Re: Concept_sitting
From: | Amanda Babcock Furrow <langs@...> |
Date: | Wednesday, January 14, 2009, 20:34 |
On Wed, Jan 14, 2009 at 08:23:22PM +0000, R A Brown wrote:
> David J. Peterson wrote:
> > The task you're doing can be done to any concept pretty much
> > however you see fit. If "rain" is "sky + water", perhaps "sky" is
> > "up + air".
>
> True - the splitting could in fact go on ad_infinitum. We could
> certainly split 'air' and, I guess, if one wanted to, it wouldn't be too
> difficult to split 'up'. 'water', of course, can be readily split.

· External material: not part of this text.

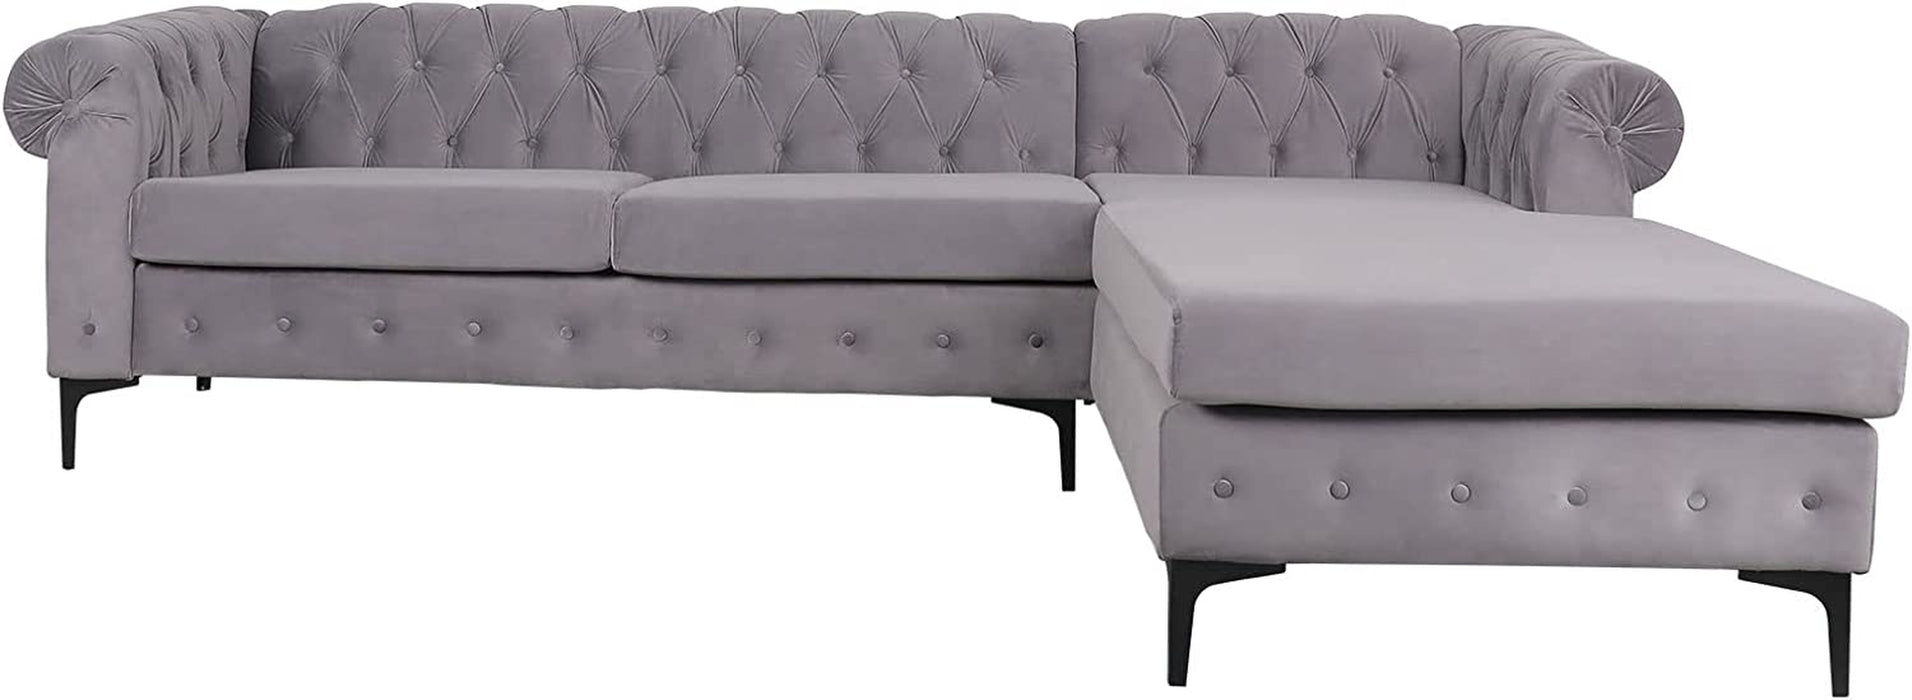 L-Shaped Velvet Chesterfield Sectional Sofa, Dark Gray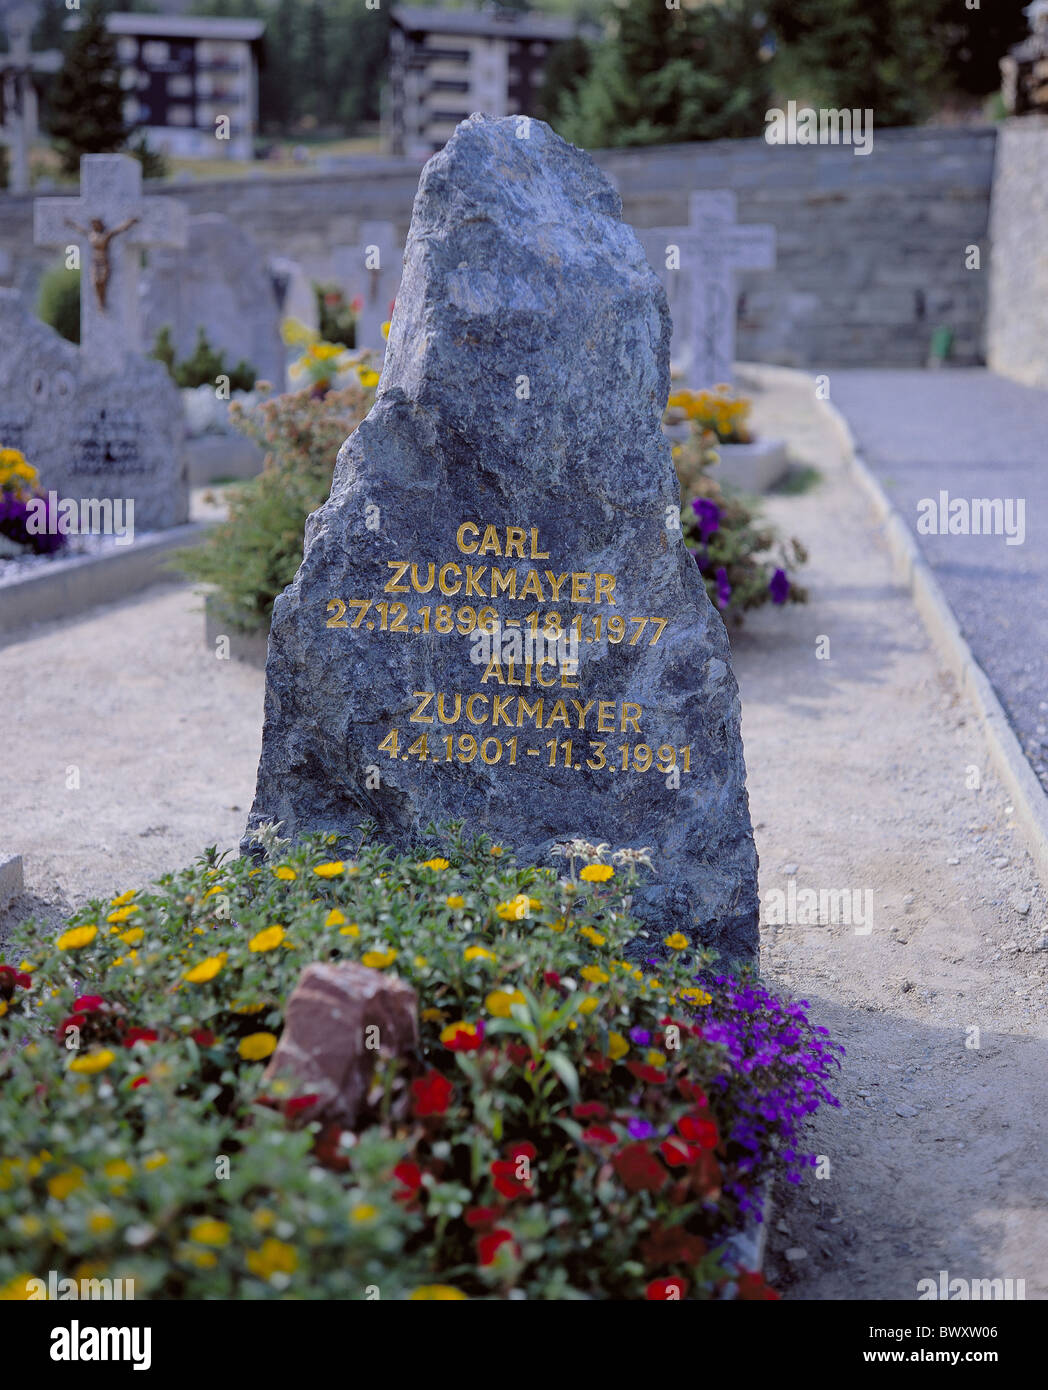 Friedhof-Grabstein von Alice und Carl Zuckmayer Blumen Schweiz Europa  Wallis Saas Fee Stockfotografie - Alamy

One might wish to make a language in which every concept is expressed as
a combination of semantic primes - but primes which are no longer
meaningful in isolation! So "rain" would be the archaic words for "sky"
and "water", but "sky" would instead be the archaic words for "up" and
"air"... etc.
Obviously if done without exception, this would be rather artificial, and
kind of reminiscent of that Star Trek language with "Shaka, when the walls
fell" or somesuch. Probably a few of the old words should remain usable
in isolation.
(This also reminds me a bit of the use of Chinese characters! Once (almost)
all words in themselves, now they are often paired to make words. IIRC
this was because of falling-together due to the erosion that brought tones
to the language. Maybe erosion could drive your language into oligosynthesis?)
Also, one nice touch would be to have a few remaining uses of the archaic
words in frozen formulas.
This is beginning to sound like fun!